En mi opinión, que Holden decidiese no ir al Oeste no fue una derrota para él. Renunció al lugar de sus sueños pero porque él quiso. Aquel lugar para él era especial, quería marcharse cuanto antes.
En el fondo yo creo que su hermana era una de las personas que le retenía allí. Phoebe fue la que le dijo que no se marchase, se lo pidió mil veces. Al principio él se negaba, pero yo creo que reflexionó un poco y, al fin, decidió quedarse antes de que enfermase.
Poco antes, una noche Holden habló con su hermana sobre qué quería ser de mayor. Él le comentó que quería ser como aquella canción que dice << si un cuerpo encuentra a otro cuerpo, cuando van entre el centeno>>. Él se imaginaba siendo “el guardián entre el centeno”, y así daría un sentido a su vida. El sentido de ayudar, proteger y ser el guardián de niños.
Holden quería ser el guardián que ayudara a los niños que estuvieran solos y que probablemente pudieran caer al precipicio de los problemas.

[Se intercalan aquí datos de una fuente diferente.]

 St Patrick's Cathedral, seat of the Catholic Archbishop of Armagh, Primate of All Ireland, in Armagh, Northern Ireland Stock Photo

En mi opinión, decidió que su vocación sería ésta, ya que lo que él no recibió en su infancia y en toda su vida, lo quería dar ayudando a los niños.
En general, la lectura ha sido bastante fácil, ya que el protagonista era de nuestra edad y su forma de hablar ha sido más informal.

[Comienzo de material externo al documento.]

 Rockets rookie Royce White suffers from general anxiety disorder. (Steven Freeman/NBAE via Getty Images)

Lo que no me gusta de Holden es que critica demasiado a la gente. Es un poco falso, porque cuando va contando la historia dice algo sobre un personaje y, en cambio, cuando habla con aquél, se muestra diferente a lo que critica.

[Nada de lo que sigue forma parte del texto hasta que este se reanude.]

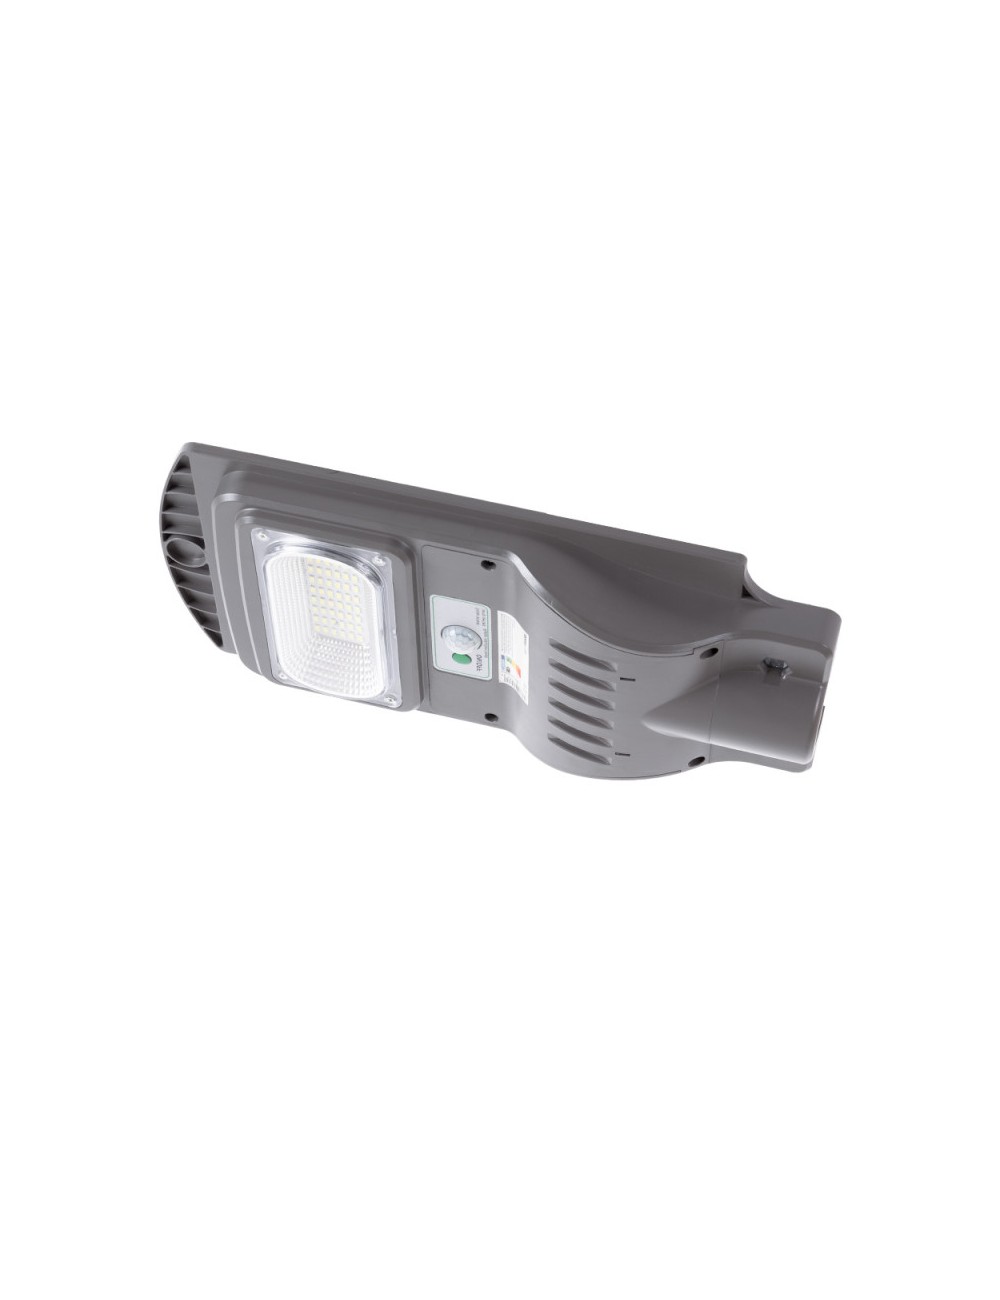 lampadaire LED 20W 6000ºK IP65 Solaire Sensor 50.000H [RS-SLABS20W-CW]

Leer esto, yo no creo que me incite a matar a nadie, como dicen. Los sentimientos que me ha producido no han sido ni furia, ni rabia ni nada por el estilo. Más bien, un poco de tristeza cuando está hablando con su hermana y dice que se va, parece que en su vida sólo está ella, como si nadie más le quisiese. Porque en mi opinión, Holden no recibía mucho cariño de la gente que le rodeaba.